The Canada Health Act mandates that every Canadian should have access to medically necessary care, but that system is failing on every front, leaving hundreds of thousands of people suffering. How is this justifiable in a free and democratic society? Shouldn’t Canadians’ constitutional right to life, liberty and security protect them from this serious risk to their health?
These questions formed the foundation of the legal challenge I launched 16 years ago, arguing that laws restricting private health care were unconstitutional. In all other countries—including places like Sweden, Switzerland, Germany and Australia—it’s legal for patients to use private insurance to get faster care at private clinics or hospitals. Their systems, which include a mix of private and public facilities, benefit from competition and choice, shortening wait times for everyone and improving results. I lost my battle in the courts in 2023, but I continue to advocate for the Canadian health-care system. As I argue in my recent book, My Fight for Canadian Healthcare, the goal is not to privatize public care but to add new options that will make our existing system more efficient. For decades, private health care has been maligned as the antithesis of Canada’s ideals, a stain on our sacrosanct vision of a universal public system, an irreversible slide into a morass of greed and opportunism. It might actually be a solution to many of our problems.

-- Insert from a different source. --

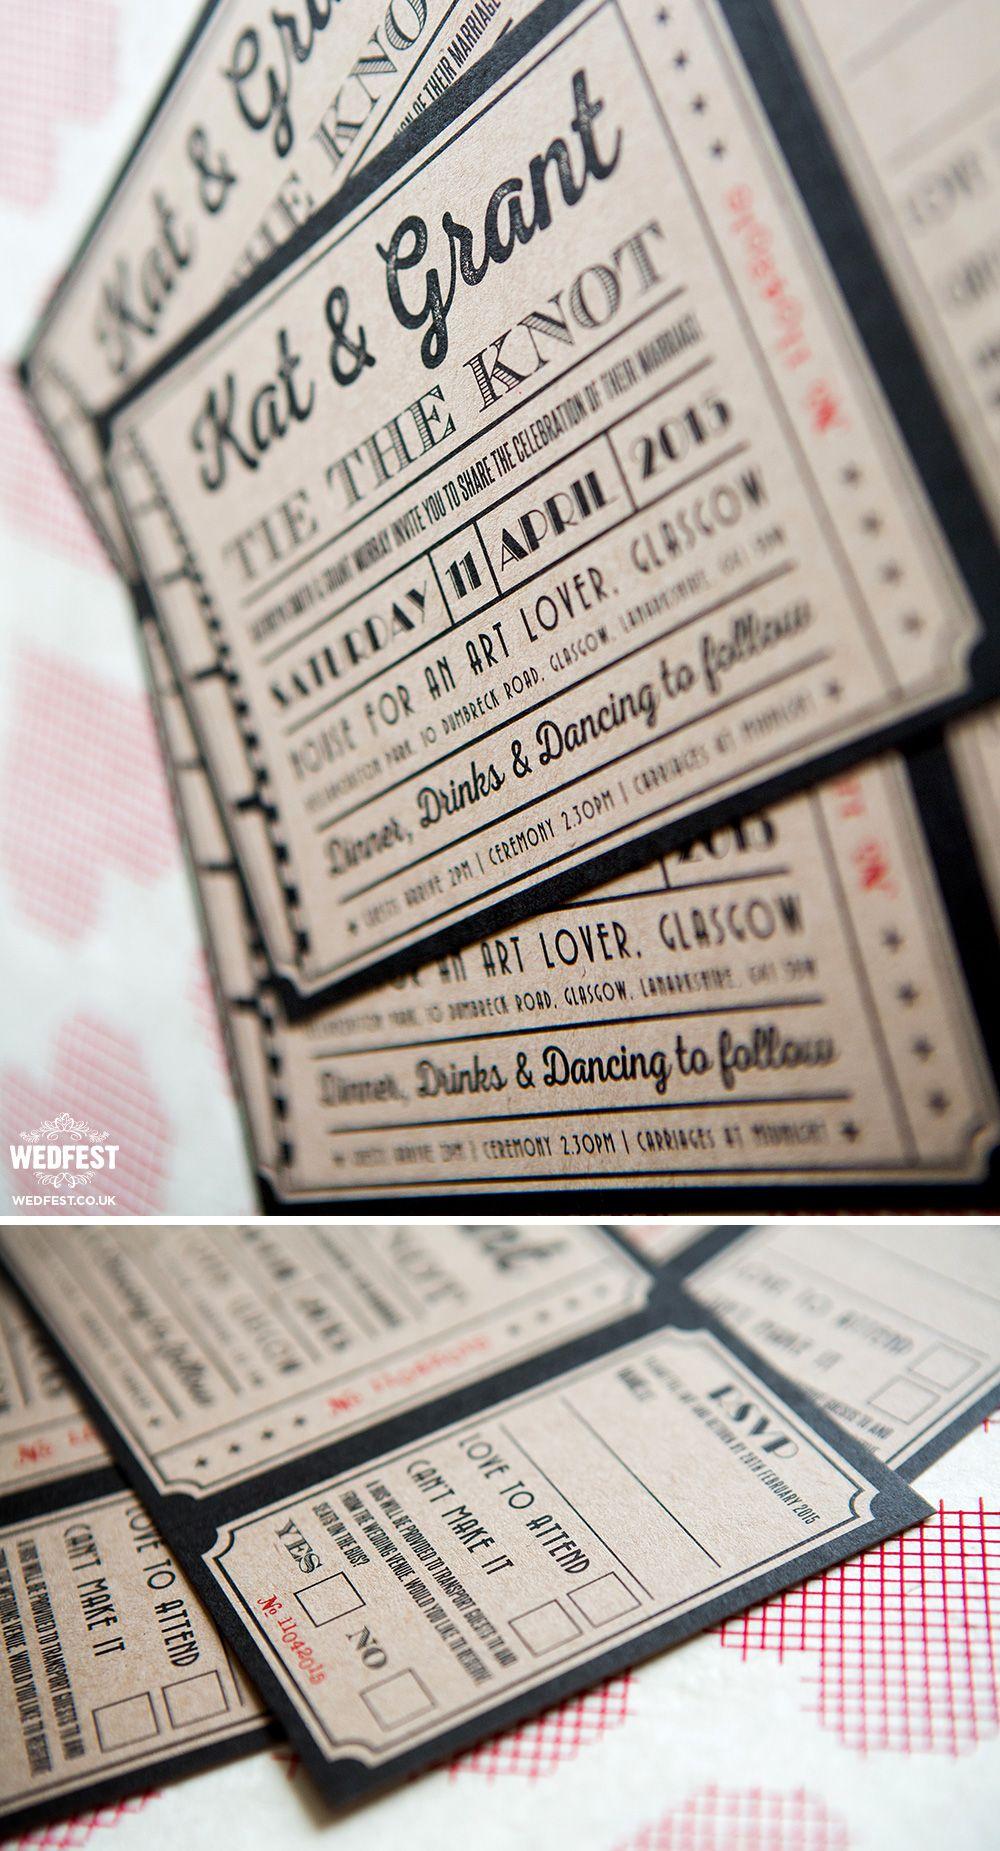 movie ticket stub wedding invitation%0A Vintage Cinema Ticket Wedding Invites  After seeing ticket wedding  inviteswe had designed the bride asked could we design a vintage cinema  ticket wedding

I was born and raised in a bombed-out house in Toxteth, the poorest area of postwar Liverpool. I was one of just three students from my primary school class who went on to grammar school: the Liverpool Institute High School for Boys. Paul McCartney and George Harrison were my schoolmates, and I sometimes shared the bus with them. Without my school, the Beatles might never have existed: a classmate of Paul’s introduced him to John Lennon. My friends and I often went to see early Beatles performances at the Cavern Club.
I started medical school in the mid-’60s and moved to Canada in 1973. My professors in London had suggested I spend a year abroad. “Anywhere will do,” they said. I’d recently learned to ski and was somewhat addicted, so I chose Vancouver. Within a day of my arrival, I decided to stay, training in orthopaedic surgery at the University of British Columbia. At that time, care was delivered promptly, and if we needed more operating time, the hospital provided it. No one had to wait. But that golden period did not last.

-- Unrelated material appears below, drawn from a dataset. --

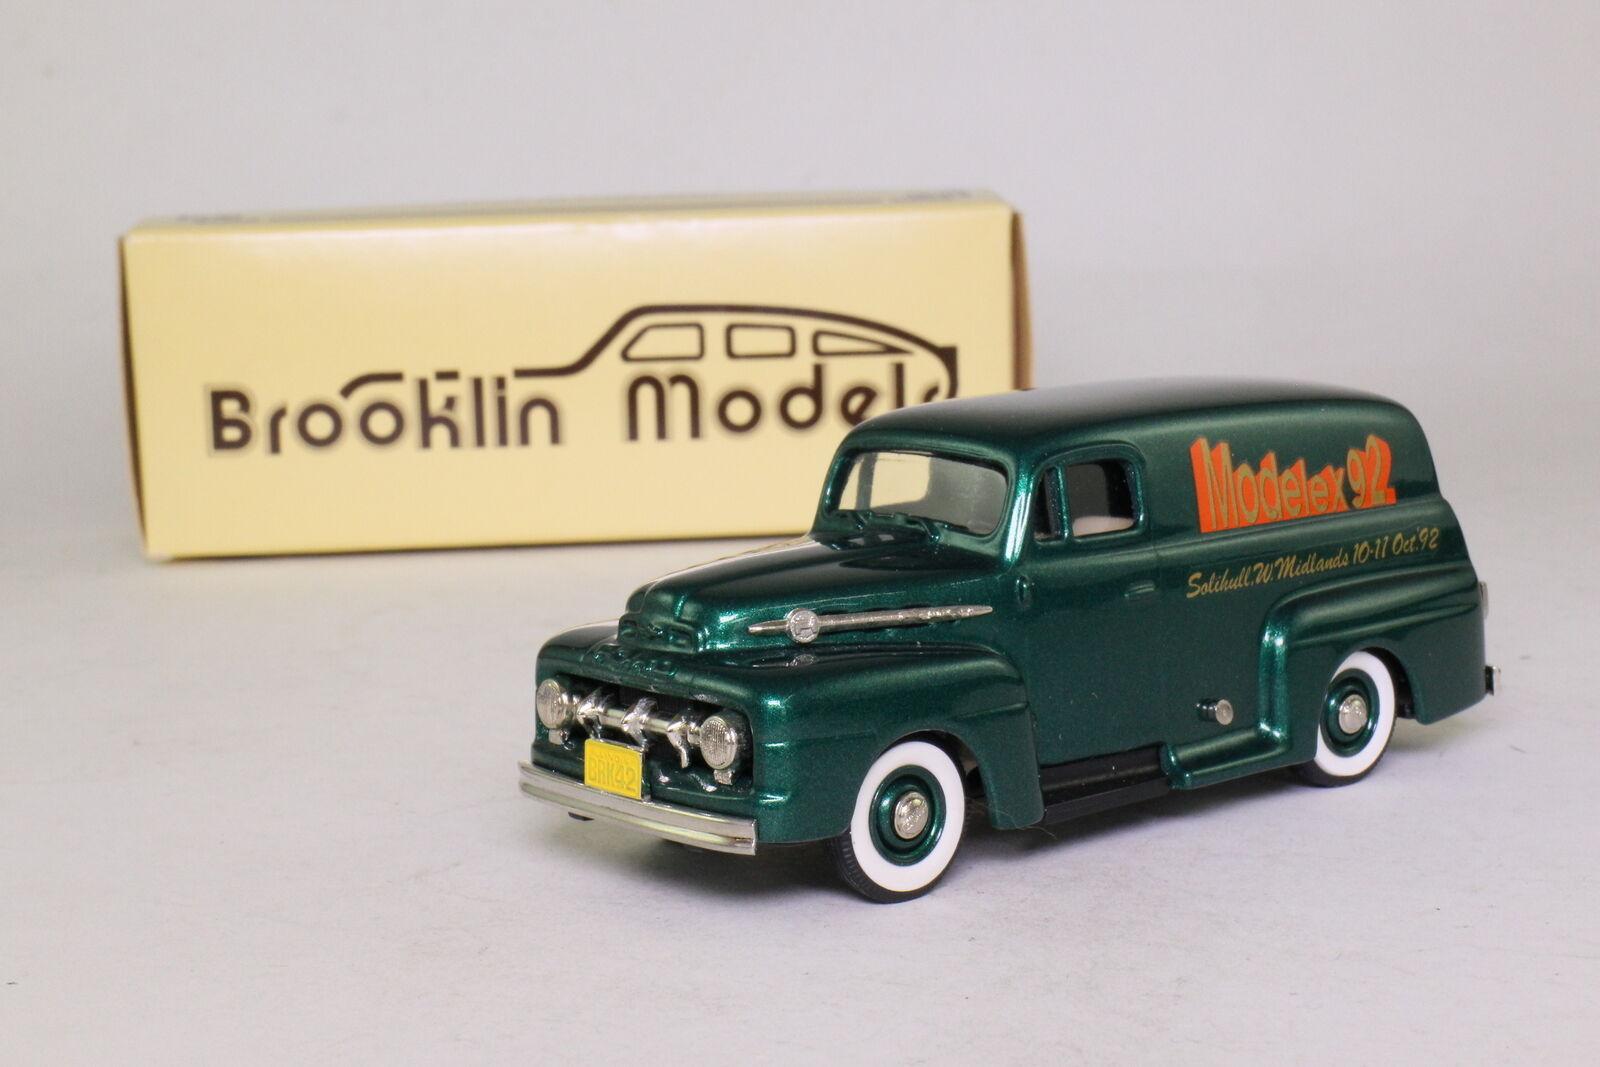 BROOKLIN BRK.42x;  1952 FORD F1 camionnette de livraison; 1992 Modelex; Excellent Boxed  en ligne au meilleur prix

In 1984, the Canada Health Act was passed, suppressing private competition in our health-care system and banning doctors from charging patients for publicly insured services. That meant private insurance could cover things like eye exams, dental care and physiotherapy, but not medically necessary care like GP appointments or hospital visits. I have never had a problem with that concept. But politicians didn’t consider how they would finance their plans. The legislation made hospitals dependent on government dollars alone. Neither the provincial nor the federal governments could afford to fund them adequately. Emmett Hall, the famed constitutional lawyer and one of the fathers of medicare, once said, “I hope that we do not freeze our principles in legislation or bureaucracy such that we cannot adapt to a future of medicine none of us can imagine.” That’s exactly what happened.
Starting in the mid-1980s, federal funding to hospitals declined precipitously from 50 per cent of total spending to 25 per cent. Innovation stalled, services shuttered and public hospitals closed. The ones that remained were on fixed budgets and therefore unable to fund the escalating costs caused by the pressures of an aging population and advances in medicine. The following decade, hospital beds in Nova Scotia decreased by a third, while Ontario got rid of 20 per cent of its hospital beds. Even emergency patients were forced to wait days for care—all due to a monopolistic approach to health-care delivery. Around that time, my wife’s 85-year-old aunt was taken to Vancouver General by ambulance for an acute medical condition. My wife went to the ER, where she discovered her aunt had been lying on a stretcher for more than four hours. She had not been seen by a doctor and was unattended. Decades before, she had been the head nurse in that same department.
ERs weren’t the only problem. Hospitals were forced to close operating rooms and cut back on their hours, restricting the number of patients that surgeons could treat and forcing patients to wait for months for surgery. We started to see doctor and nursing shortages too: in the 1990s, B.C.’s NDP government cut back medical school intakes dramatically, and other provinces followed suit. I heard from at least one university dean that his med school’s enrolment had gone down by 30 per cent.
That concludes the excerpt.